In cultures treated with compound (5), tachyzoites forming daughter zoites emerging upon endodyogeny were visible throughout the whole experiment. After 6 h and even after 12 h, we detected vacuoles with numerous zoites that were either vacuolized or exhibited a fragmented cytoplasm, all of which indicated ongoing proliferation despite clear ultrastructural alterations. At 48 h of treatment, large vacuoles were observed, exhibiting an electron-dense matrix containing numerous parasites with altered ultrastructures. Frequently, completely destroyed tachyzoites, still enclosed by a vacuole, were observed at this time point (Figure 7).
3. Discussion
An in vitro screening of 390 MMV Malariabox compounds against Neospora caninum yielded in the identification of 28 compounds with specific activity against N. caninum. Nine of these compounds were also effective against Theileria annulata [18], another apicomplexan parasite affecting cattle, transmitted by ticks. Of these nine compounds, the most effective is compound (1) or MMV665941, a triphenyl-methanol closely related to crystal violet. MMV665941 was previously also shown to be most effective against T. annulata but also clearly toxic for macrophages with a therapeutic index of only 2.5 [18]. The fact that, in the present screening, MMV665941 did not affect confluent HFFs could indicate that this compound preferentially affects proliferating cells. Moreover, MMV665941 was also shown to be moderately effective against Cryptosporidium parvum with an IC50 of around 0.8 µM [19]. In a recently published study comparing the rapidity of action of MMV Malaria Box compounds against Plasmodium falciparum blood forms with the (potential) mode of antimalarial action [20], MMV665941 was designated to act more slowly than artesunate, but faster than atovaquone. The mechanism of action of this compound is unknown. Studies on MMV665941-susceptible yeast strains suggested an interference with sterol-dependent processes since two of seven susceptible mutants were defective in sterol biosysnthesis [17].
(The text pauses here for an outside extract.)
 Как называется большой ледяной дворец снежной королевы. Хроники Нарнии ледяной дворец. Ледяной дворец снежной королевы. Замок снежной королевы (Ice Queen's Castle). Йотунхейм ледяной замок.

The closely related crystal violet is a broad-spectrum antiseptic with multiple cellular targets. It binds to bacterial cell wall components, to DNA [21], most likely also to other acidic macromolecules [22], and uncouples Trypanosoma mitochondria [23]. These multiple targets may explain why this compound has not only the lowest IC50, but also the strongest impact on parasite ultrastructure, as shown by transmission electron microscopy (TEM). Since the vacuolization of tachyzoites observed already after 6 h could correspond to the degradation of mitochondria, the selectivity of MMV665941 could be due to a preferential action on parasite vs. host mitochondria. In terms of the pharmacokinetic properties in mice, MMV665941 appears as the most promising compound of the three, due to a maximal plasma concentration (Cmax) of 1.09 µM and a high value for the area under the curve from time point 0 to the time point of the last measurable concentration (AUC0-last) (see Table A2).
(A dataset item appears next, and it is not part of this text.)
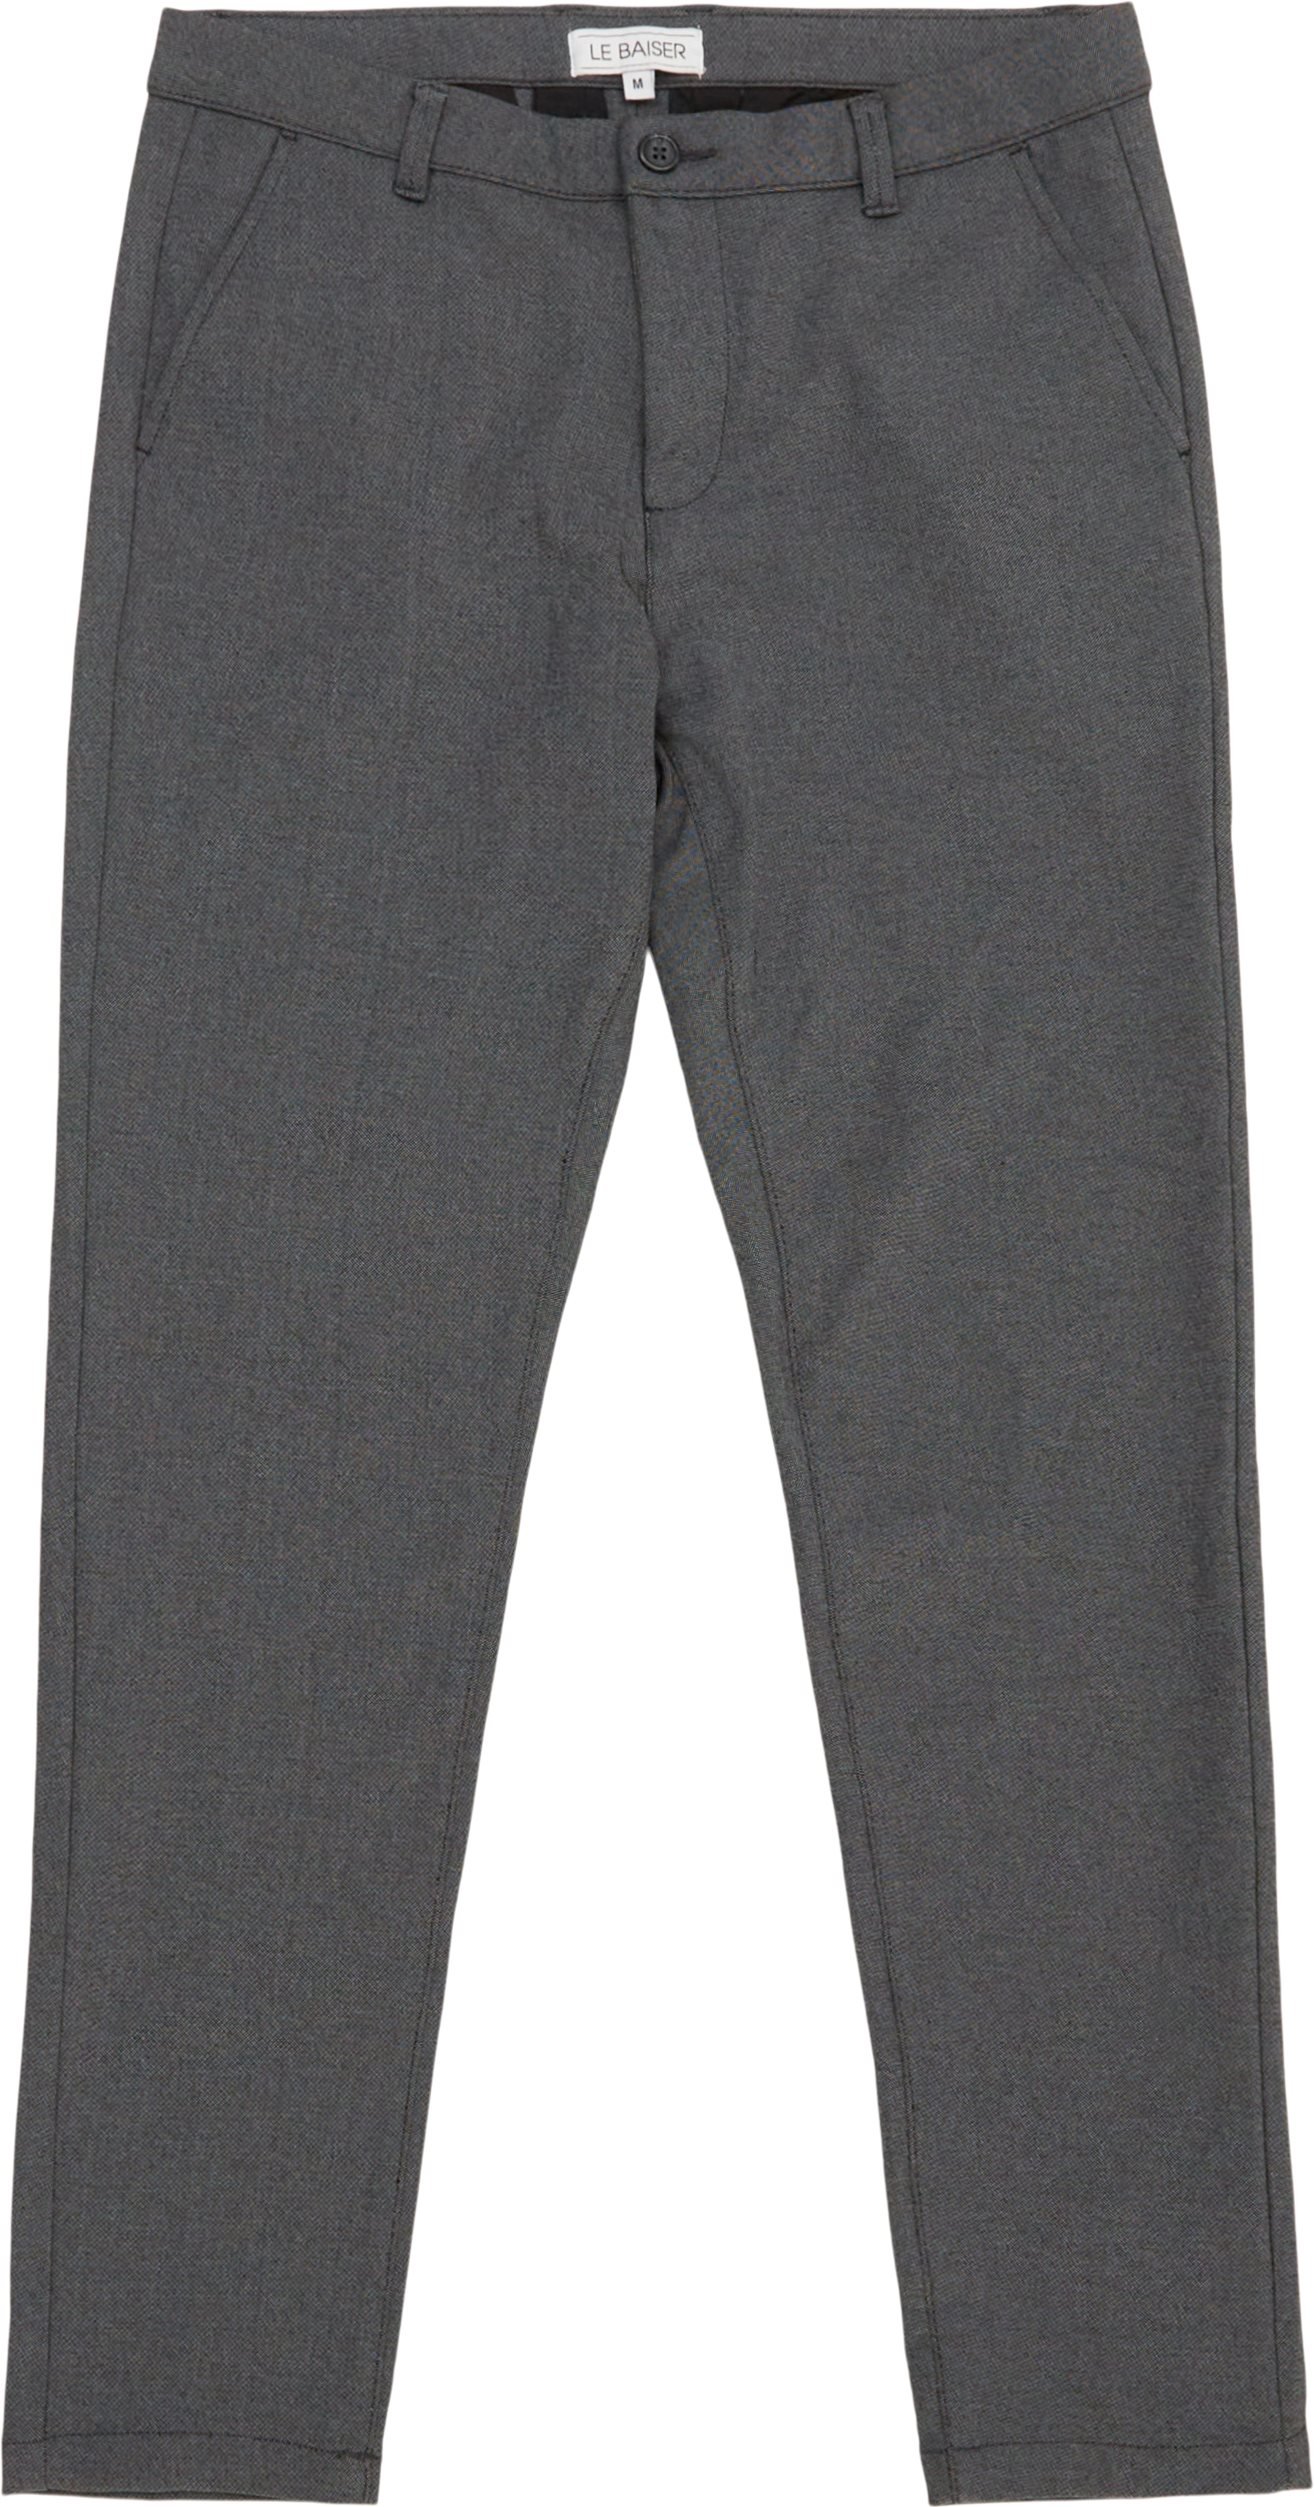 Avignon Pant - Trousers - Slim fit - Grey

Interestingly, also in cultures treated with compounds (2) and (5), intact parasite mitochondria are seen only at 6 h after treatment, not later. This may indicate that compounds with different structures and chemical properties (note the different logP values!) may affect the integrity of apicomplexan mitochondria. For instance, endochin-like quinolones affect the ultrastructure of mitochondria—as evidenced by digestive vacuoles containing mitochondrial fragments—but not of other organelles in N. caninum tachyzoites [24]. In addition, organometallic ruthenium complexes were shown to primarily act on mitochondria in Toxoplasma gondii [25], N. caninum [26], and in the extracellular protozoan parasite Trypanosoma brucei [27].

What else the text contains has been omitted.